I had hoped that the apologists for the TTP, our various publicity-seeking ‘anchors’ and others of their ilk in the print media, would be shocked into fury, indeed grow spines at the treatment meted out to our soldiers at the hands of the savages. Note that this was not the only incident in which the murderers had cruelly killed our soldiers/militiamen: much more had happened but was never so widely published.

Yet, not a hair on the heads of those who were/are the apologists of the barbarians moved. They, as always, put their brutality on, variously, agents of the CIA/RAW/MOSSAD and went about repeating how all of this was the result of Pakistan joining the fight against terrorism.

Now, whilst this is old hat, one has to remind the reader that, as has oft been said in this space, particularly by Brigadier (retd) Asad Munir who has vast experience of the TTP and Fata, but also by yours truly, that the takeover of Swat/Dir-Bajaur/Fata began way back by Mullah Radio (Fazlullah) in 1994. Let us also recall that he was the son-in-law of Maulvi Sufi Muhammad who took truck-loads of young boys including his own grandsons/grand-nephews into Afghanistan to wage jihad against the Americans in 2002.

Let us recall too, that when it was found that Sufi Muhammad used to leave other’s children behind in Afghanistan to be daisy-cuttered while bringing his own back, the people of Malakand and Swat were looking for his blood as many reports suggested at the time. And what did the government of the Commando do? Lock him away in protective custody in jail: DI Khan, if I am not wrong!

But that is history and much water has flown down the Kabul River since. We ought now to be worried by the complete lack of restraint shown by the rampant TTP despite the offer of talks with them by the government, and who have most recently killed eight army-men and two Khassadars across Dir/Fata including the GOC Swat, Major General Sanaullah Niazi, Lt-Col Tauseef and their driver L/Nk Irfan. Niazi was reportedly an excellent officer who had done much good in the area under his command. Typically, the PTI couldn’t quite hold its horses and had announced the army’s pullout from Swat just a day before the General and his companions were blown up by an IED.

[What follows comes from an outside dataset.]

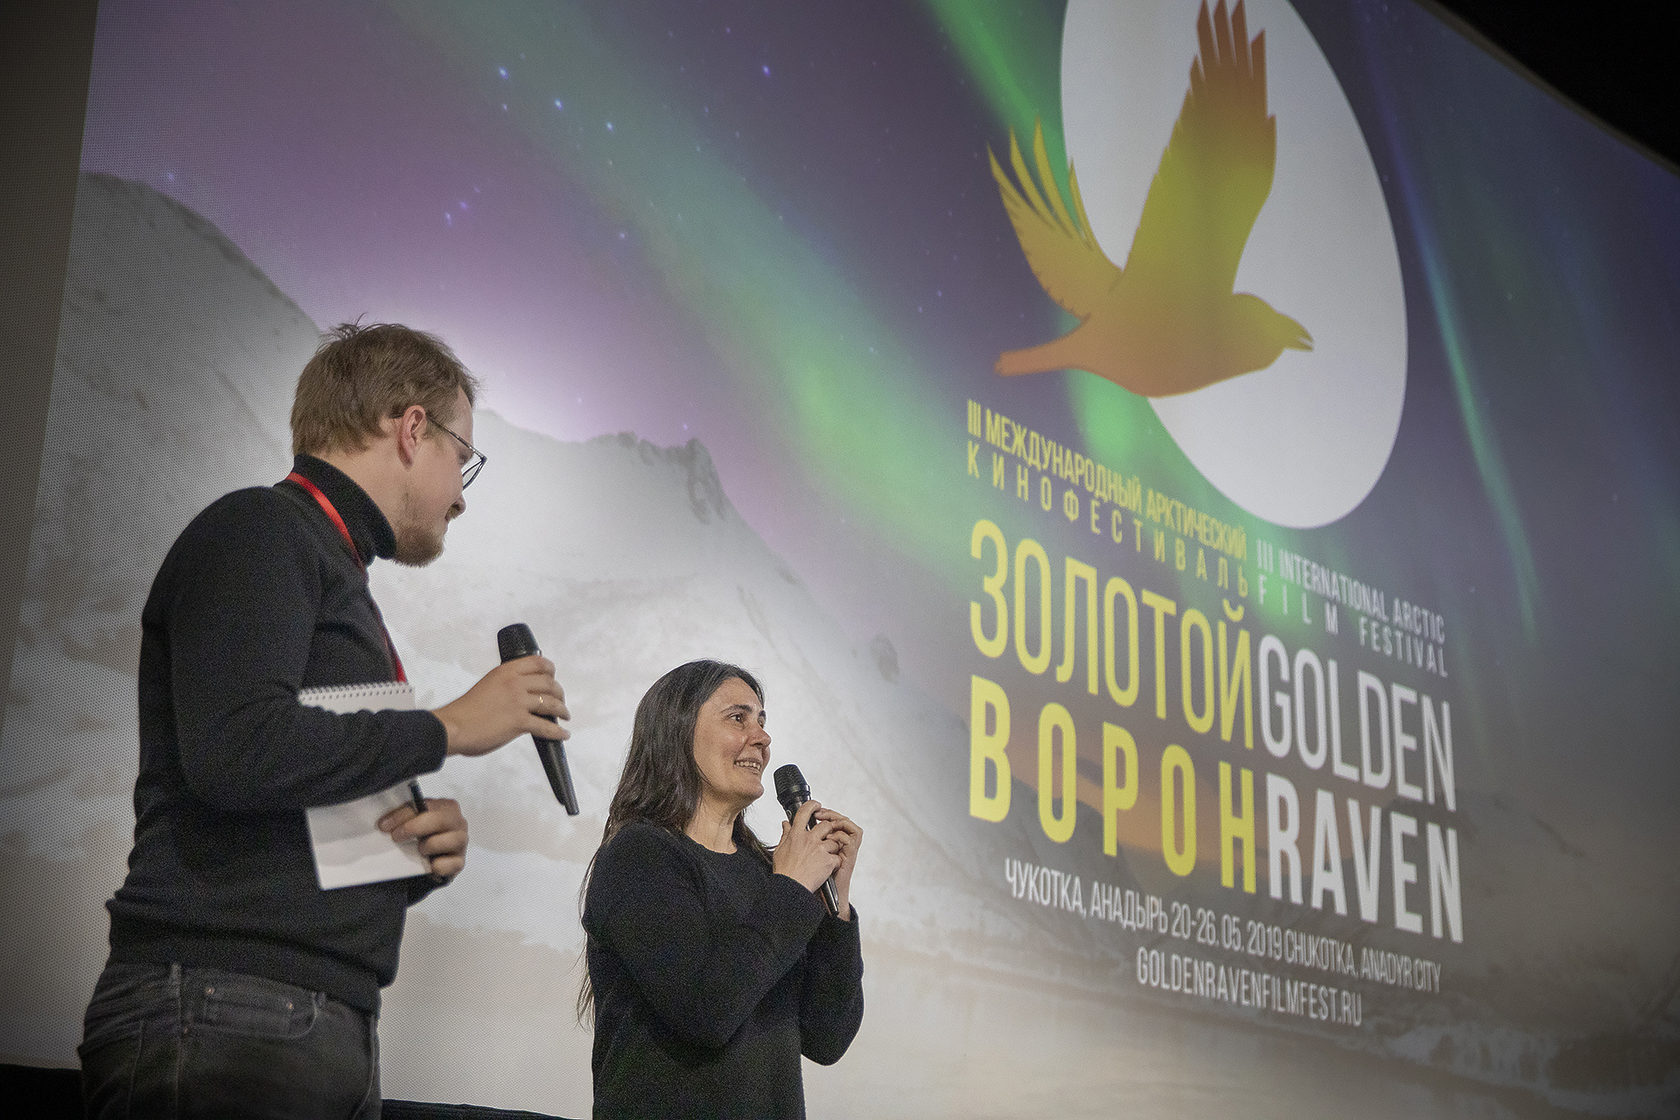 IV Международный арктический кинофестиваль “Золотой ворон” пройдет в Анадыре в марте 2020 года
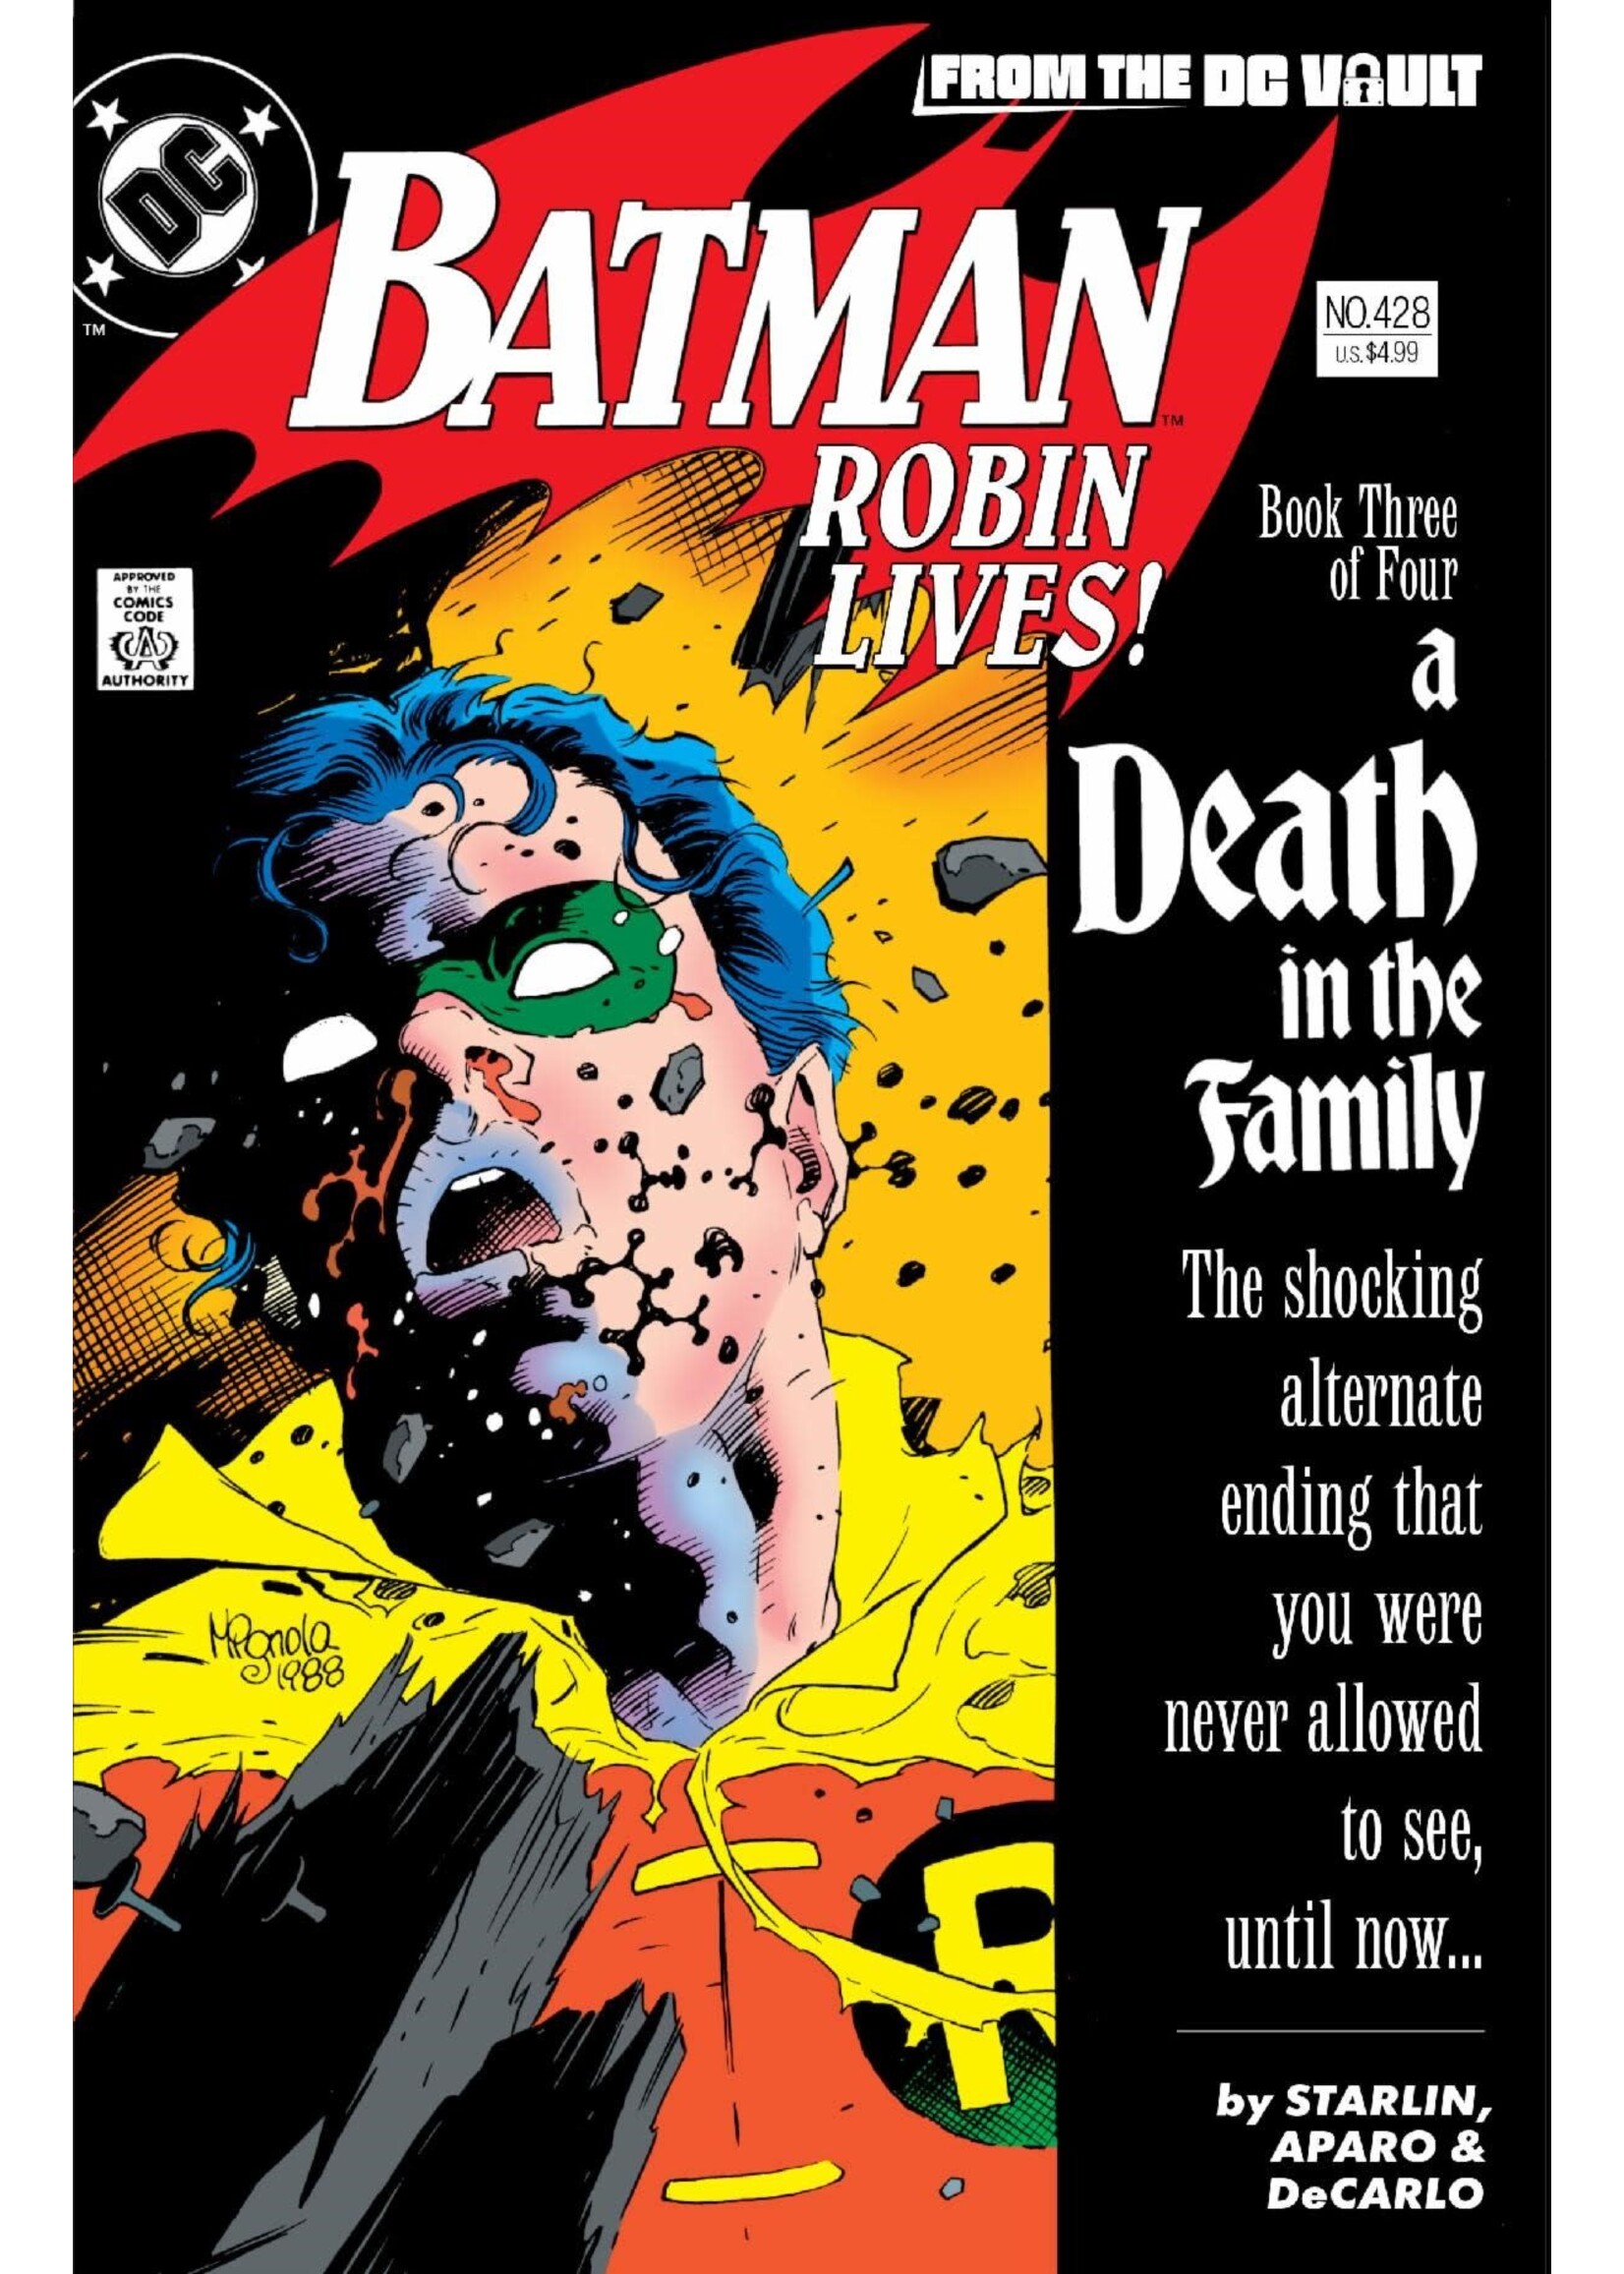 DC COMICS BATMAN #428 ROBIN LIVES!

This, in my view, is a watershed moment in this ‘negotiation with the TTP’ thing. Even those unaffected by the beheading of our soldiers have sat up and opened their eyes somewhat at the General’s killing. If even now the state will not send a stern warning to the TTP that enough is quite enough, the TTP will do what most bullies do: mount more attacks on Pakistan and its armed forces giving more space to its supporters to further weaken the resolve of the government.

But, and there is a huge caveat here: General Kayani has said in a well-measured and stern message to the TTP that whilst the army is still willing to give peace a chance (God! How this term grates when dealing with the likes of the Taliban who do not even accept the State of Pakistan and its Constitution) it will not be “coerc(ed)” into “accepting their terms”, and that “the armed forces (have) the ability and the will to take the fight to the militants”.

The question is: have our strategists finally decided that there are no ‘good’ Taliban; that all of the many factions are joined at the hip, be they the Mehsuds or the Haqqanis or the Fazlullahs or the Punjabis or whatever’s? That all of them ultimately pay allegiance to Mullah Omar, that al Qaeda is the Mother of All Umbrellas and that strategic depth in Afghanistan is dead as a dodo? And, finally, that though most difficult it will be, North Waziristan must be cleansed come hell or high water?

I have to say again that while I have faith in the strength that Nawaz Sharif can bring to bear on difficult problems, we are fast running out of time, specially when faced by a hard and cold-hearted enemy who has carried out the most audacious attacks and now smells victory. They are already spitting into our collective face by their heinous and most impudent attacks.

However, the elephant in the room will always be Imran Khan, whose party simply does not understand the extent of the problem. As suggested by a talk show host the other day, is it not better to let him handle negotiations with the TTP, so he knows just what talking to hardened terrorists (many of their ideological and operational leaders foreigners) entails? He’ll either have to put-up or shut-up.

Published in The Express Tribune, September 20th, 2013.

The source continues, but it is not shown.